O código auto referencial articulado na tessitura da peça pode ser entendido, também, como uma narrativa em abismo na medida em que instaura um movimento de encadeamento no qual o texto da peça aborda, na sua trama, uma narrativa sobre a própria tessitura da peça, instalando uma duplicidade semântica entre a narração de uma nova narrativa e a sua feitura no nível prático.
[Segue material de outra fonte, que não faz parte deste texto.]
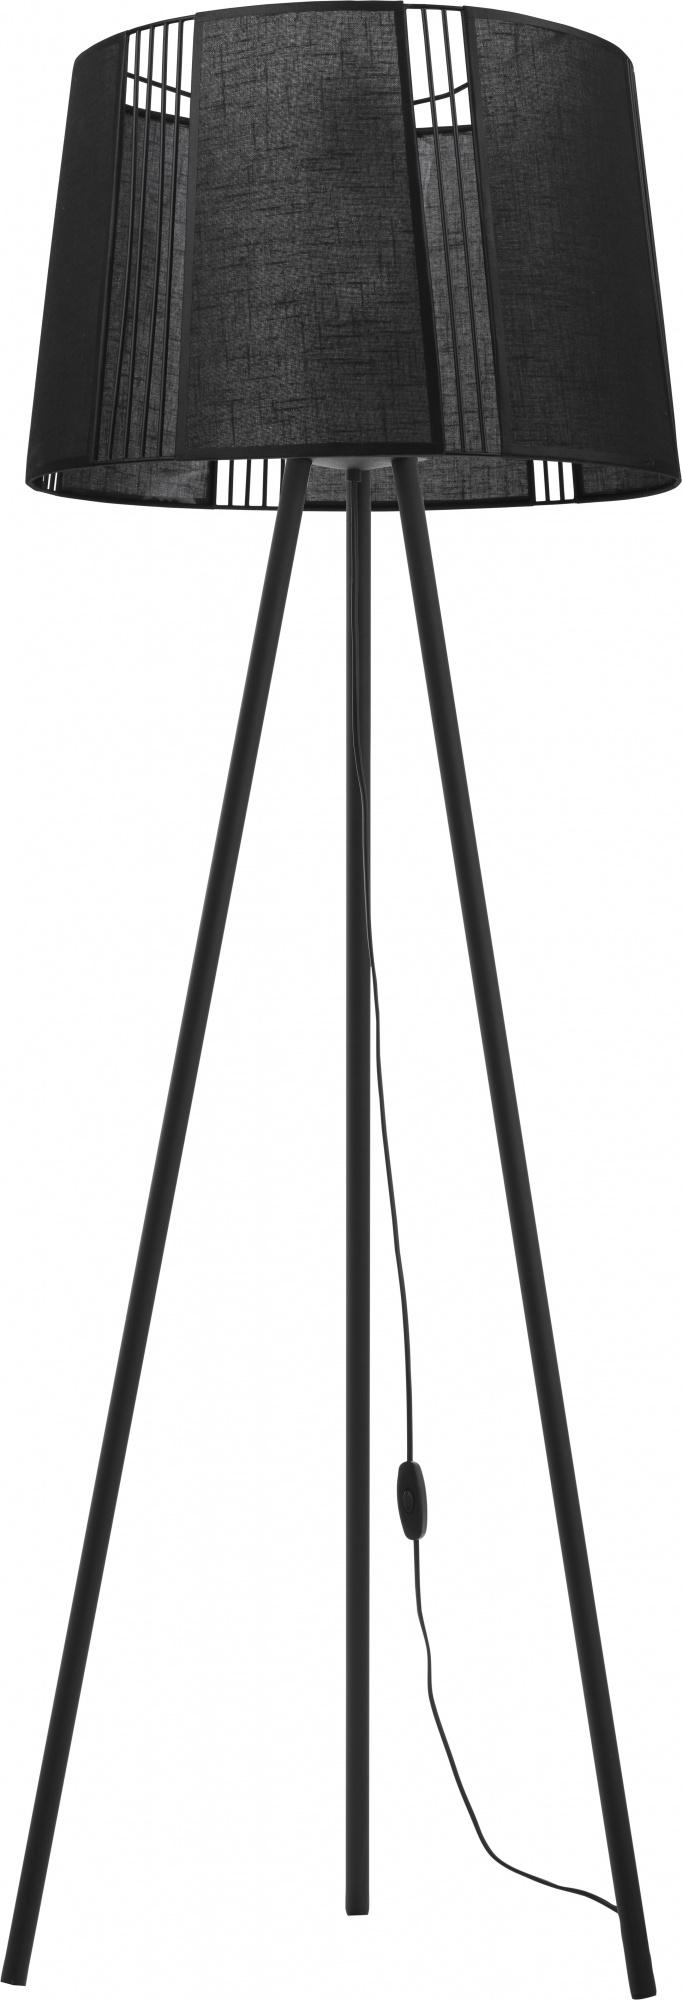 TK Lighting TK-5162 Carmen állólámpa
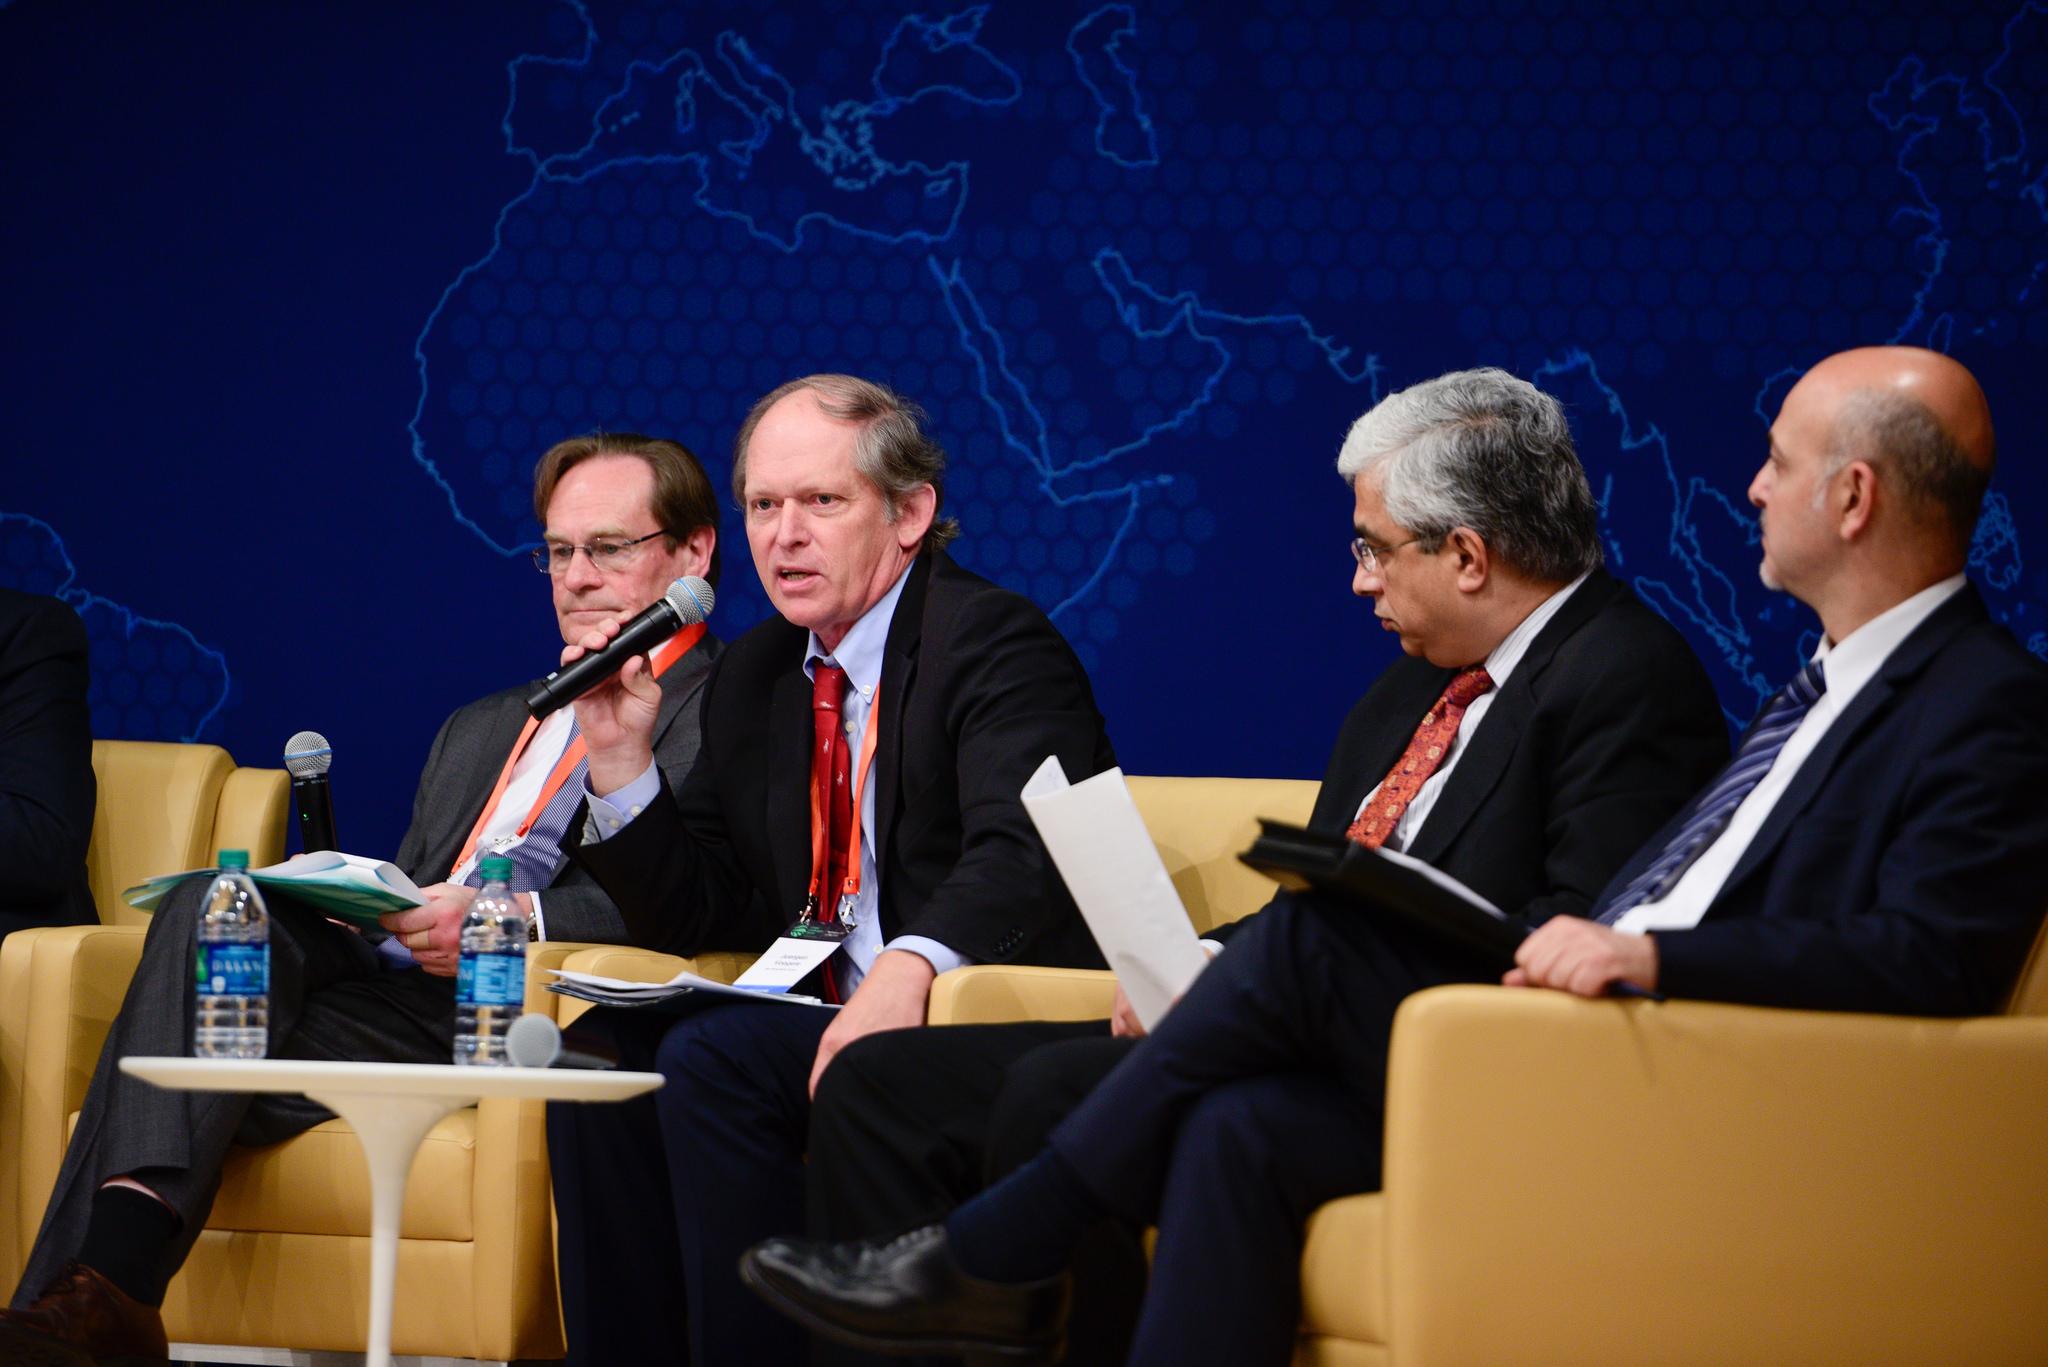 GLF Investment Case Symposium Washington, D.C. 2018

Enquanto produtora de efeitos de sentidos, Dällenbach afirma que a mise en abyme é responsável por causar uma oscilação entre o interior e o exterior da obra, de forma a promover uma fragmentação na linearidade esperada da narrativa. E isso à medida em que a narrativa é, a todo momento, interrompida pela interpolação de uma outra temporalidade, de uma temporalidade vinculada à construção, no nosso caso, da própria história narrada por América.

O uso desse recurso pode ser compreendido, de acordo com Dällenbach, por dois tipos de narrativa: aquelas que intencionam instituir um sentido inequívoco no texto ou, então, aquelas que pretendem afirmar-se enquanto narrativa. Ora, é esse segundo tipo de texto narrativo que possibilita o movimento que faz com que a narrativa confesse, acerca de si mesma, que é literatura e que é essa ou aquela narrativa que a sustenta (DÄLLENBACH, 1989,p.57).

Para Dällenbach, essa confissão está vinculada mesmo a uma rearticulação crítica dos pressupostos que regem uma obra, a partir de uma elucidação dos problemas que envolvem o aspecto referencial da linguagem ou das tentativas de produção de opacidade. E isso nos termos de que:

como um signo secundário, a mise en abyme não apenas enfatiza as intenções significantes do signo primário (a narrativa que a contém), como deixa claro que a narrativa primária é também um signo, como todo tropo deve ser. (DÄLLENBACH,1989,p.57).